Это был шум умирающего мира. Мира видимостей, фантомов, грез, которыми себя окружает каждый из нас. Когда мы пробуждаемся от иллюзий, мы всегда слышим этот шум. В какой-то момент его слышали все. Наверное, многим кажется, что умирают они. Я не исключение. Отчасти это правда. Вместе с осколками в пустоту уходит часть тебя. Я был глуп, но лучше бы не умнел.
Наконец я осознал, что в жизни с тобой может произойти что угодно. Осознал, что счастье лишь прелюдия к страданиям. Оно притупляет бдительность, причиняя еще большую боль потом. Теперь я верю, что смертно все. Даже счастье.
Особенно счастье.
Я продолжал вспоминать, как в ветреной тишине по крышке гроба били холодные капли дождя. Омраченные горем лица смазались под бурым утренним небом. Я и не смотрел на них. Только на ее фотографию на могильной плите и землю, залитую месивом грязи. Она теперь всегда будет в земле. Сейчас в моей душе ничего не было, но она была не пуста. Что-то оставалось внутри и рвало меня на части.
Картины сегодняшнего утра целый день всплывали перед глазами. Темноту иногда нарушали вспышки молний, освещая через узкий проход на крышу тесную комнатку чердака, вместе с квартирой доставшегося Марине по наследству. Я использовал это помещение как проявочную для фотографий. Тогда я жил мечтами, надеялся открыть собственную фото-студию, устраивать выставки, а когда-нибудь завести свою галерею, разбогатеть и обеспечить Марине красивую жизнь. Теперь эта комнатка на чердаке и все мои мечты навсегда останутся пустыми.
Сидя на старом сундуке вечером после похорон, я с тоской смотрел на фотографию, лежавшую на полу. Темноволосая девушка с лучистыми голубыми глазами, освещавшими мне мир. Лицо, которое со временем сотрется с камня, выцветет на бумаге и исчезнет из памяти.
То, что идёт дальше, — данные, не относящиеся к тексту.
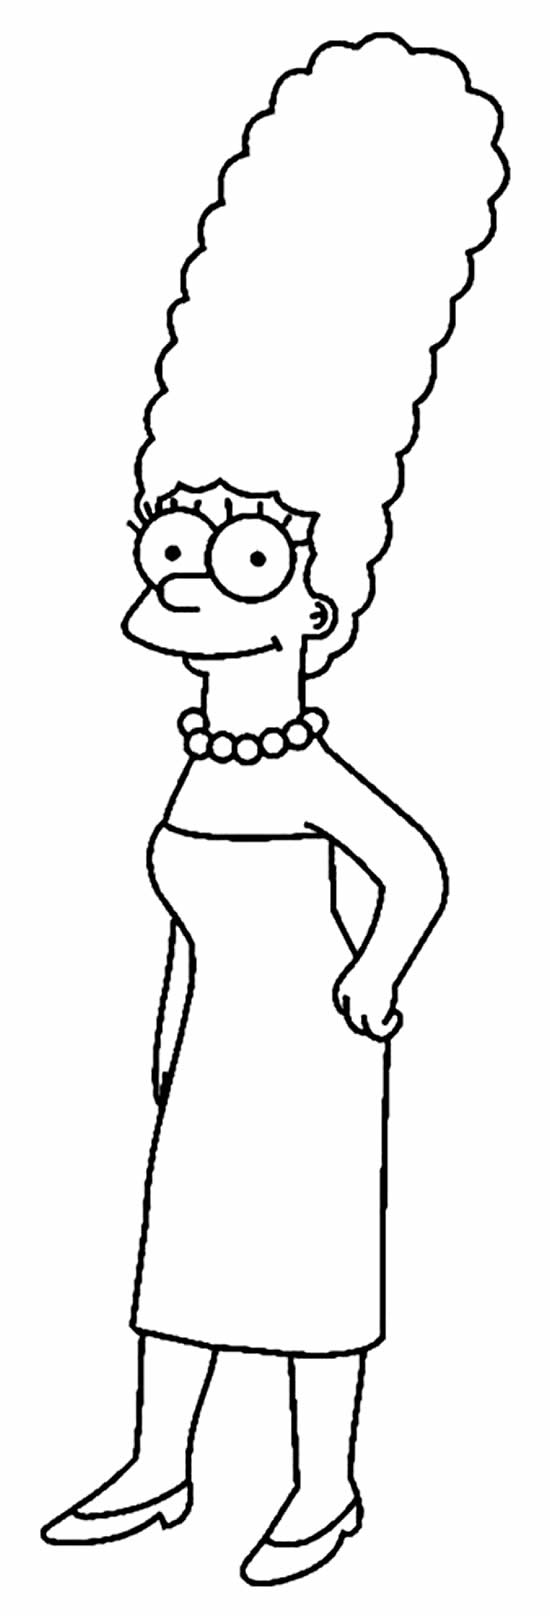 Desenhos dos Simpsons para colorir
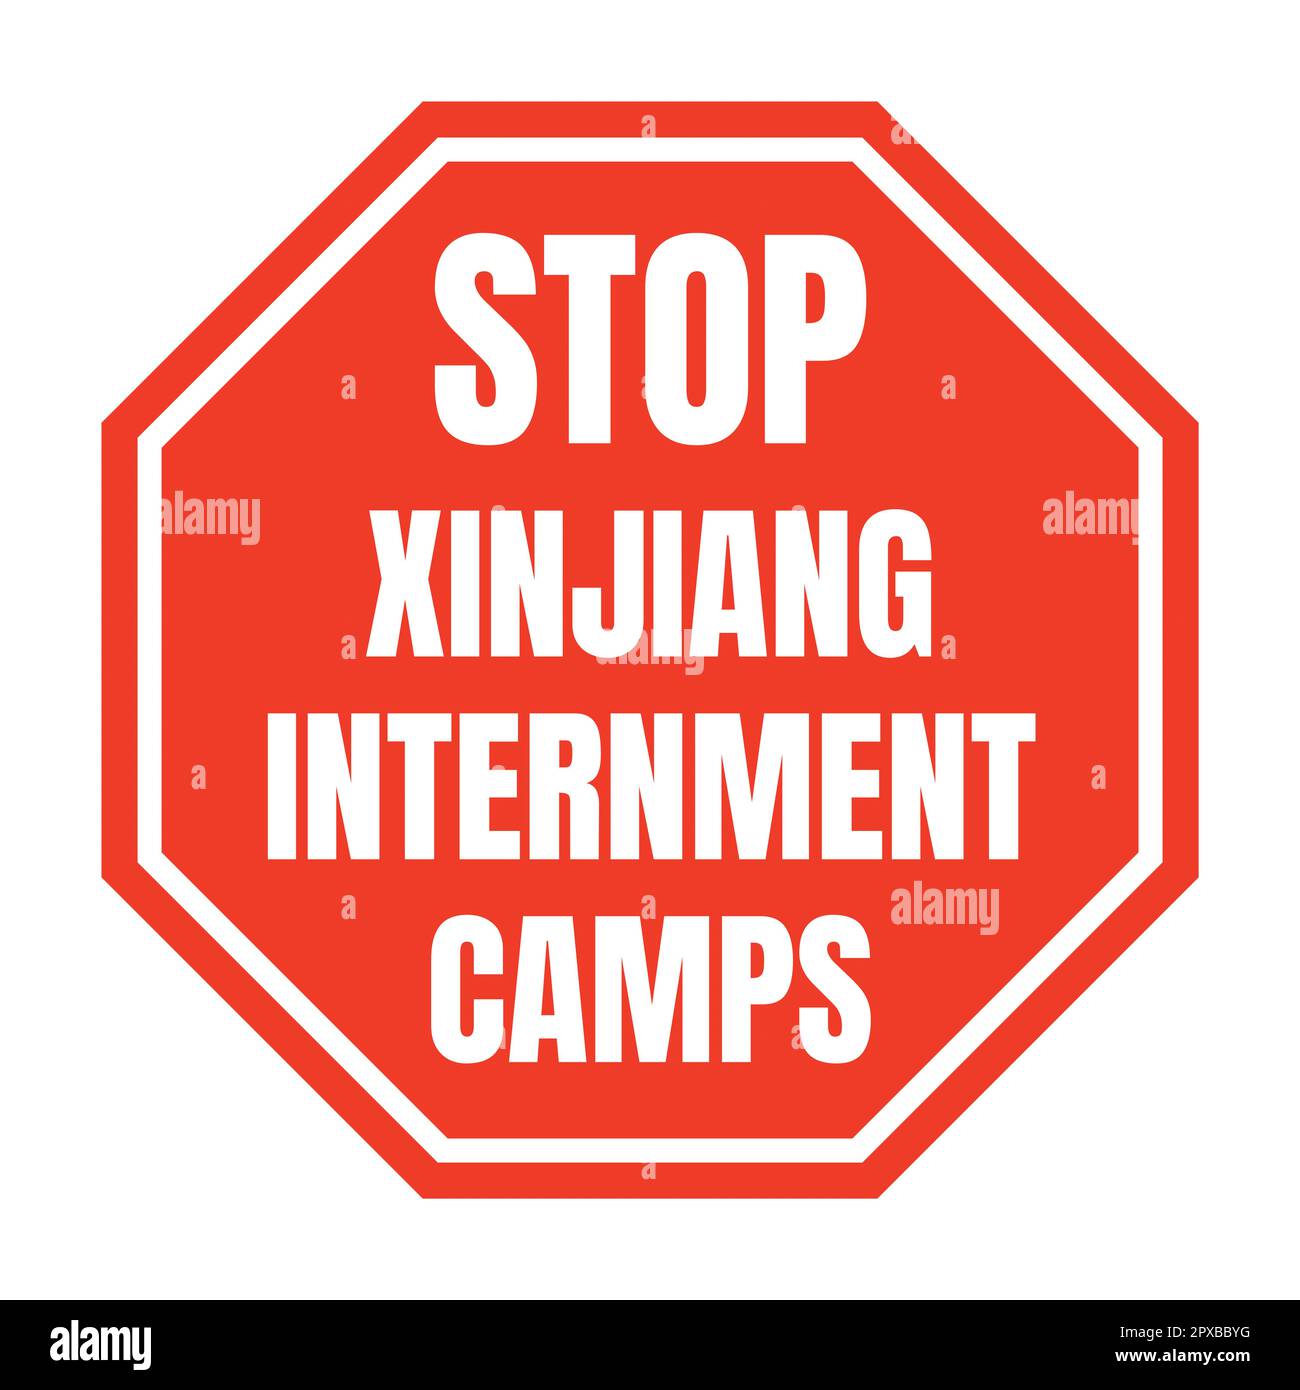 Stop Xinjiang internment camps symbol icon Stock Photo

Моя Марина… Она была для меня всем.
Я нуждался в большой порции коньяка или общения, поэтому из Мариныной квартиры отправился в бар, где надеялся ненадолго потерять эту боль и залить пустоту алкоголем. Забыться хотя бы на один вечер. Я решил, что буду пить рюмку за рюмкой до боли в печени в компании Тима, который должен был скоро подъехать.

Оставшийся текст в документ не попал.